* PROBLEM DESCRIPTION *
Under this line are the records; write out word for word the part that begins at the line containing "Argument Rating Game Pairings Ms. Ulwelling" and ends at the line containing "Sweden's Henrik von", and no more.
+++ SUPPLIED MATERIAL
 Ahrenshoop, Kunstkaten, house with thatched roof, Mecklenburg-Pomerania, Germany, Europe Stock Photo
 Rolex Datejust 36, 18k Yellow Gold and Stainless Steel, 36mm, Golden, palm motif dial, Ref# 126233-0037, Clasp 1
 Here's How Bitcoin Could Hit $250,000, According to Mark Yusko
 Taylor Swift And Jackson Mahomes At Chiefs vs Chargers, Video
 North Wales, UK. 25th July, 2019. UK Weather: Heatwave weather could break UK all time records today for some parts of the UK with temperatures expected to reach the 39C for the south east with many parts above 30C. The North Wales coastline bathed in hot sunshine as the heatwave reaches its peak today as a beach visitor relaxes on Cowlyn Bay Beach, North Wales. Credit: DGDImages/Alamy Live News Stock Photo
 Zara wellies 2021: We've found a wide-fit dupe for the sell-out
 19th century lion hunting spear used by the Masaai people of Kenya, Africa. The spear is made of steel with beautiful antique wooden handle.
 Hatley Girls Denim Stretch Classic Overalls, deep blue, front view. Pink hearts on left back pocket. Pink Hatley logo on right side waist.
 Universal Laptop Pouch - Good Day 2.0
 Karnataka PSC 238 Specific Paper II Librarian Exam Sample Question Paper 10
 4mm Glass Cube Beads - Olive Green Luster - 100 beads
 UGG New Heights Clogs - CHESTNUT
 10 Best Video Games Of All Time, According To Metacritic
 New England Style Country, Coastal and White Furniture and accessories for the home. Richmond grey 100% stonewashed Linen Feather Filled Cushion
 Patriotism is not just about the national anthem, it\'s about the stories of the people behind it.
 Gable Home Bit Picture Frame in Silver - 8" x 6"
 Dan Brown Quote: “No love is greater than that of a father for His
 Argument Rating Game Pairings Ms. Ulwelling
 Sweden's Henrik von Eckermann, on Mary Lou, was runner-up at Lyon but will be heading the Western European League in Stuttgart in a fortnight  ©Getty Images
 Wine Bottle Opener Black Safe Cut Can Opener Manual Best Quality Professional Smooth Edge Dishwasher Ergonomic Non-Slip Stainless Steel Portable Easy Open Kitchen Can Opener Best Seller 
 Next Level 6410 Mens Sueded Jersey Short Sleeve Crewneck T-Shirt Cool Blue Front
++++++
* WRITTEN RESPONSE *
 Argument Rating Game Pairings Ms. Ulwelling
 Sweden's Henrik von Eckermann, on Mary Lou, was runner-up at Lyon but will be heading the Western European League in Stuttgart in a fortnight  ©Getty Images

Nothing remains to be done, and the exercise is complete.